What happens though if we learn instead to forgive? And how does one start living the concept? Forgiveness is a conscious decision, a choice that a person makes based on compassion and love. It is an idea and action that requires the individual to look beyond their own ego, their own expectations and judgments and focus instead on the subject that has caused the hurt. It is the act of letting go.This is a difficult learning for certain, but one that definitely can be practiced by anyone. Of course, any wrong doing must have consequences and forgiveness does not mean the perpetrator must not take responsibility and feel remorse, or face up to consequences. However, forgiveness is not about the wrong-doer, it is about the victim.

Hurt, anger, need for revenge are negative thoughts and behaviours that most often cause a continuation of the initial wrong. These emotions drive the “victim” into a vicious cycle that ultimately is most harmful only to herself/himself. They develop into thought and behaviour patterns that can become destructive to the physical, emotional and even social health of the person, causing illnesses, loss of a social circle, and psychological trauma. They cause the victim to re-live the wrong doing repeatedly and do not allow them to heal or even learn from it.

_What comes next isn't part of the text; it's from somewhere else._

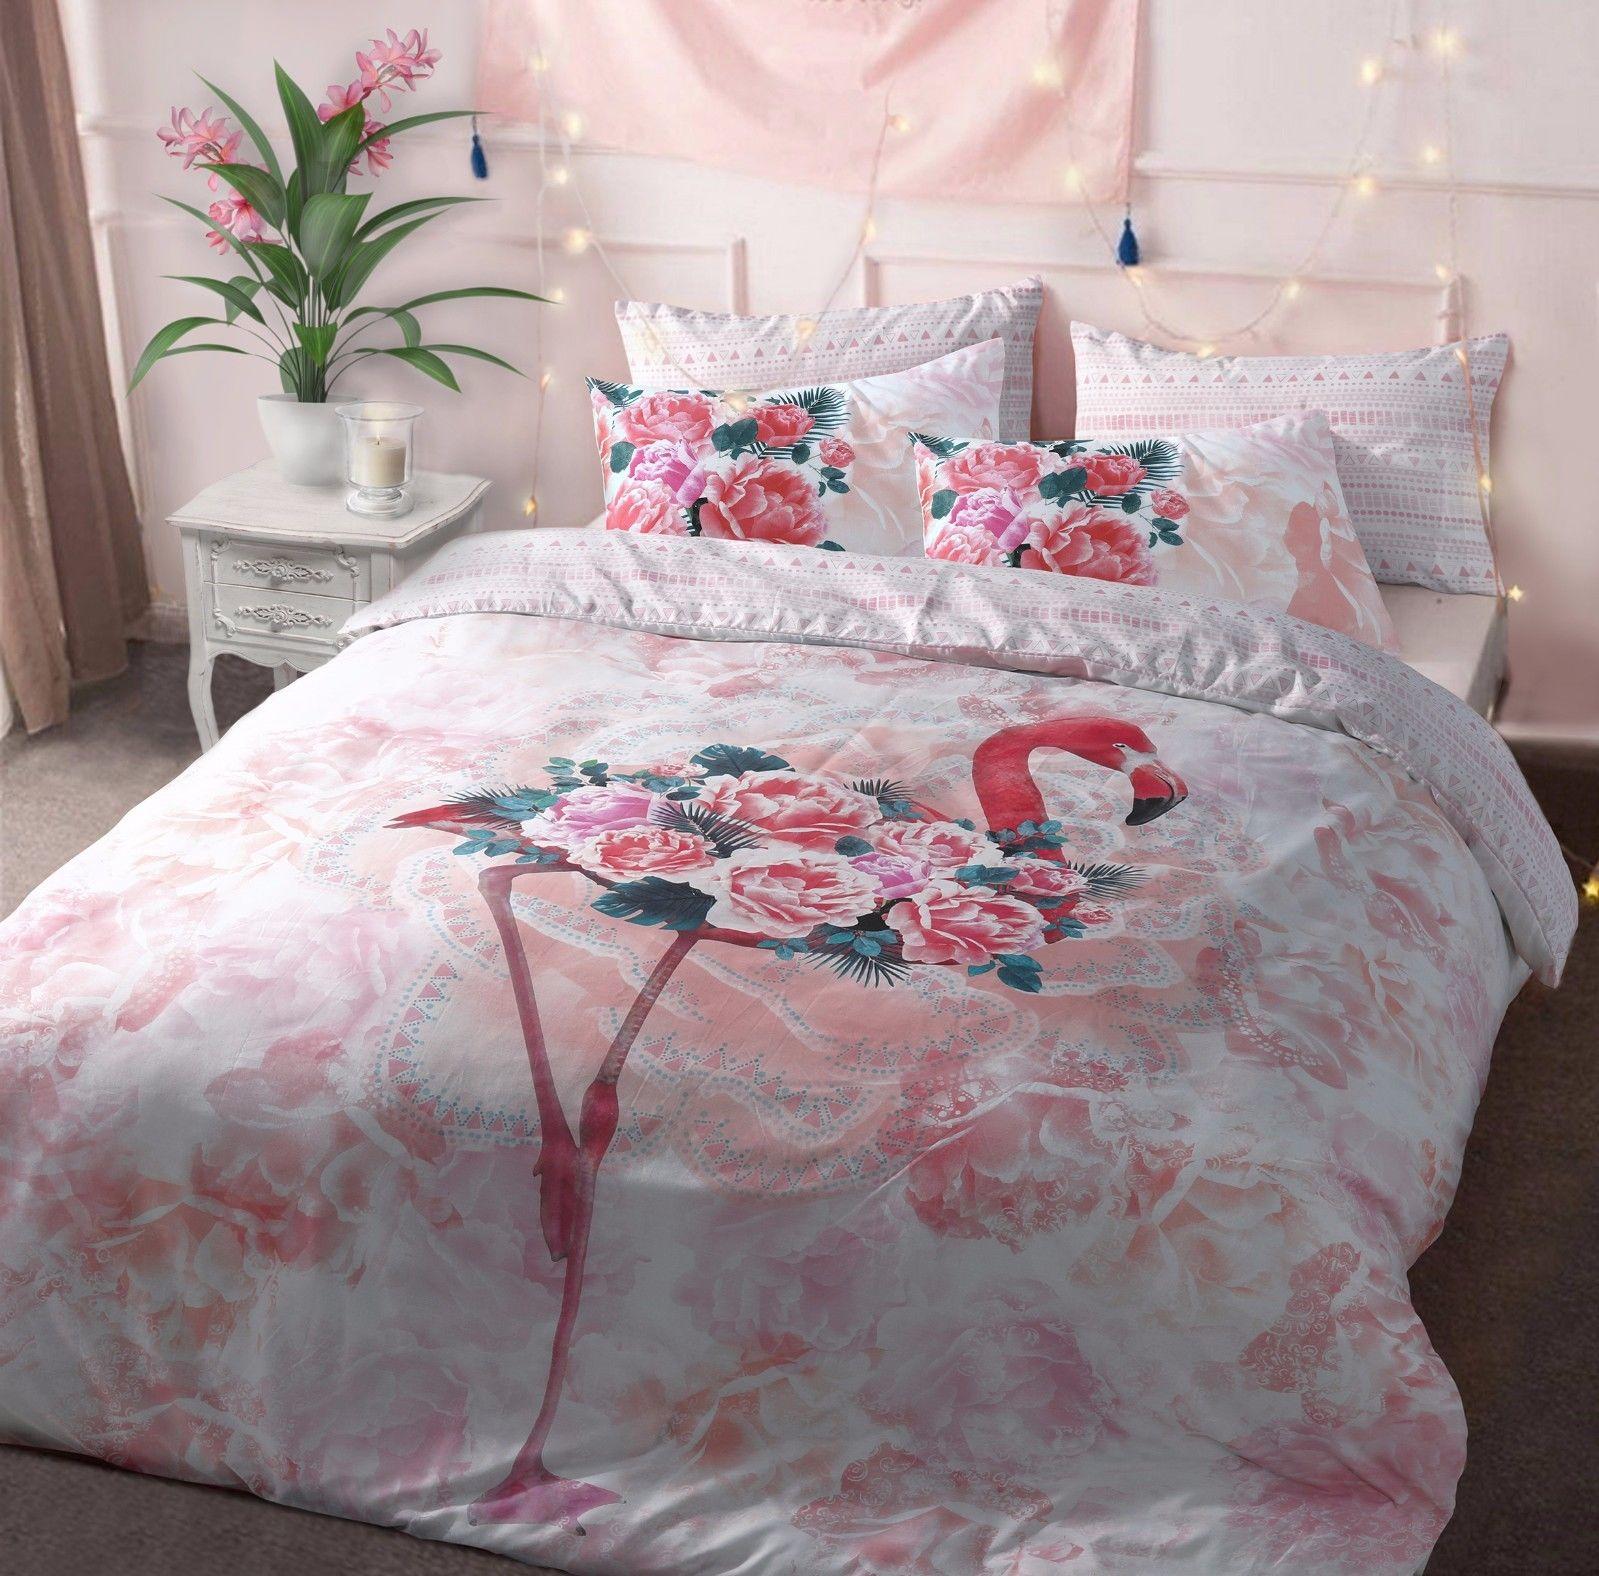 Bed Linens & Sets Flamingo Duvet Cover Set With Pillowcases Pink Reversible Polycotton Bedding Set

On the other hand choosing to let go of the hurt and anger, choosing instead to understand the person who has committed the wrong, choosing to show compassion can invite positive influences into the situation. The operative word here is “choosing”, as in a constantly remembered practice that the individual acts on. This in no way means the misdeed is forgotten, simply that it is looked at within a more realistic perspective.

So, how can a person practice forgiveness? Forgiveness is practiced at the mental, emotional and behavioural levels. From a mental perspective, it is a matter of letting go of the details and stopping the re-living of the incident. From an emotional perspective it is to view the individual with compassion and understand the root cause of the initial misdeed. It is to really see the whole of the person who has committed the misdeed, and not just the one act that has caused harm. From a physical perspective it is to demonstrate the absence of anger and revenge, it is about responding and not reacting. Reaction comes from the ego while a response can be a thought through action. Surrounding oneself within a positive environment and support also goes a long way.

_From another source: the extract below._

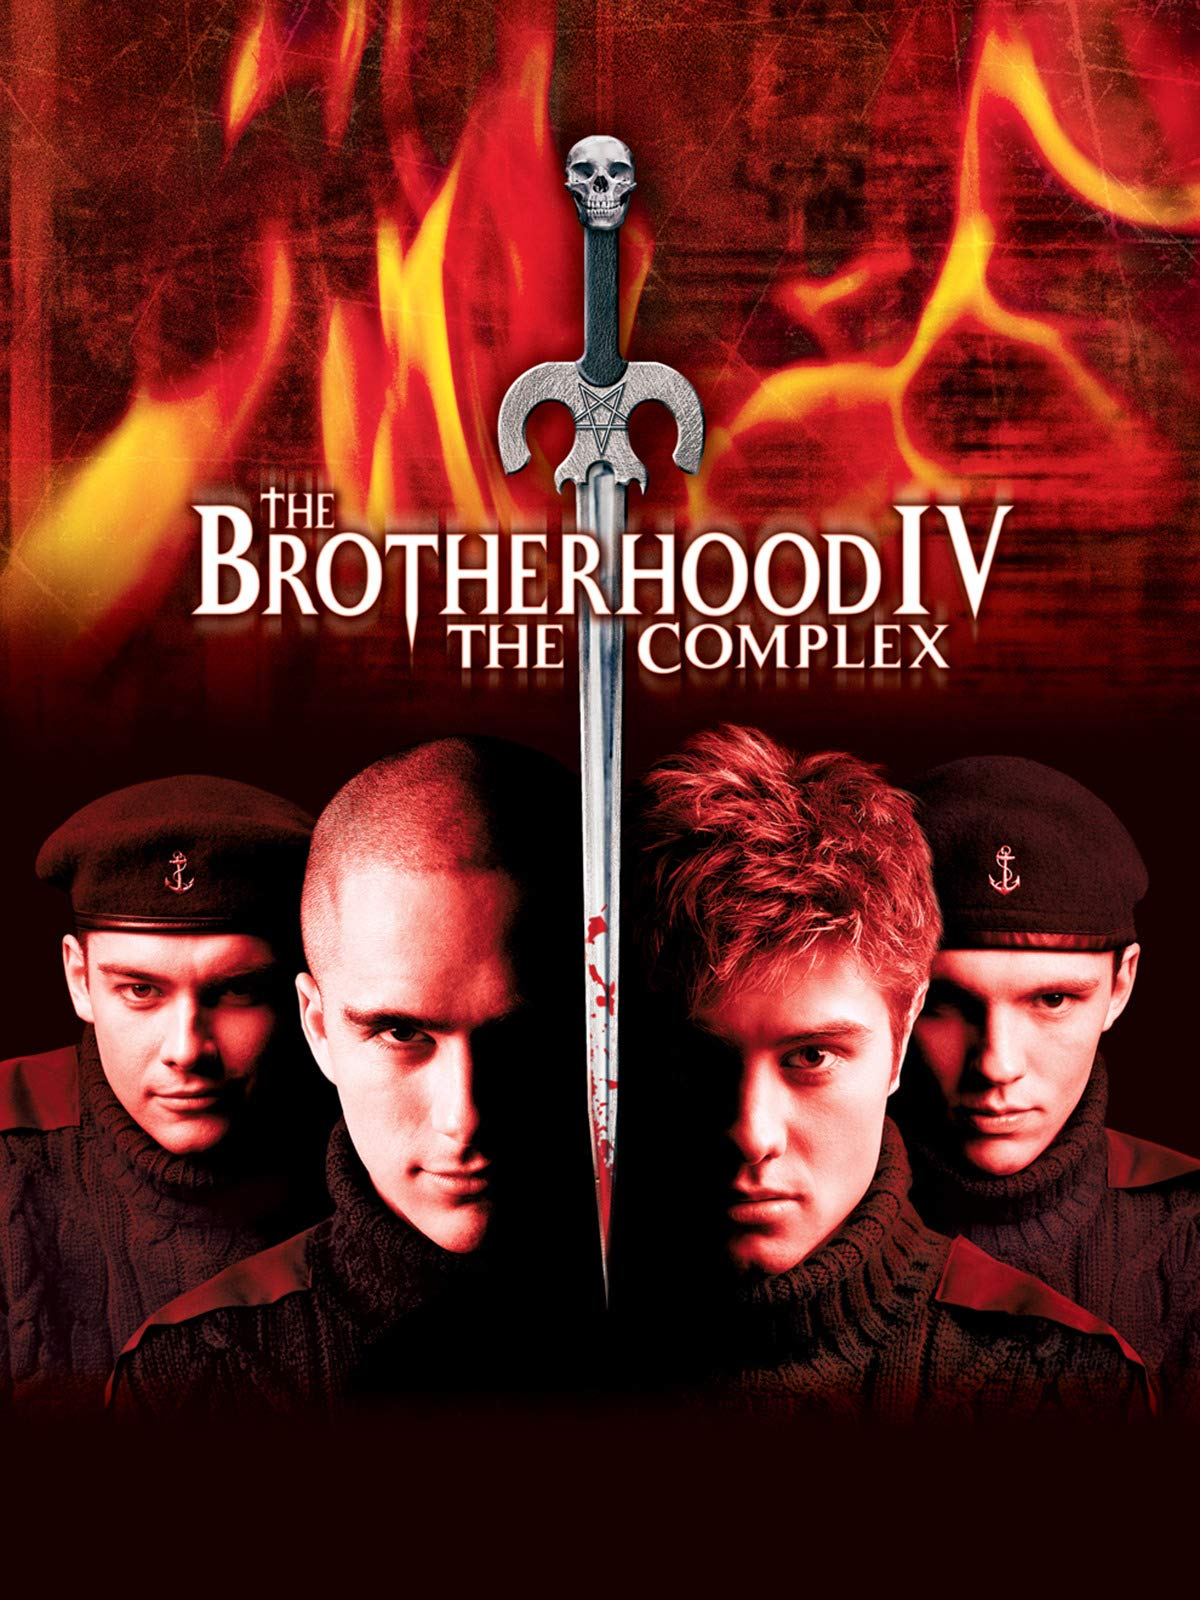 The Brotherhood IV: The Complex on Amazon Prime Video UK

However, even within the concept of forgiveness there is yet still a more difficult type that requires greater inner strength, and this is to forgive oneself. When there is no external enemy, no point of reference outside of the self, forgiveness can become a greater challenge. Yet this self-forgiveness is the basis to develop compassion, inner peace and self-confidence. The other side of this coin are the emotions of guilt, shame, and self-criticism that can greatly damage the individual in the long-term.